----- GIVEN RECORDS
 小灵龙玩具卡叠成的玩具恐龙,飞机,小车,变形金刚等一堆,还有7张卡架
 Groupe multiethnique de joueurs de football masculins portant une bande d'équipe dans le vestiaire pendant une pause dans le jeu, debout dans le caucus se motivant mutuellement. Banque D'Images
----------
----- GIVEN RECORDS
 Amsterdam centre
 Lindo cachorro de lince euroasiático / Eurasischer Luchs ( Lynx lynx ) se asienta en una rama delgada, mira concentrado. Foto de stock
----------
• _REQUIREMENT_: Give back, exactly as written, the stretch from the line with "小灵龙玩具卡叠成的玩具恐龙,飞机,小车,变形金刚等一堆,还有7张卡架" through the line with "Groupe multiethnique de", and no other lines from the records above.

• _SOLUTION_:
 小灵龙玩具卡叠成的玩具恐龙,飞机,小车,变形金刚等一堆,还有7张卡架
 Groupe multiethnique de joueurs de football masculins portant une bande d'équipe dans le vestiaire pendant une pause dans le jeu, debout dans le caucus se motivant mutuellement. Banque D'Images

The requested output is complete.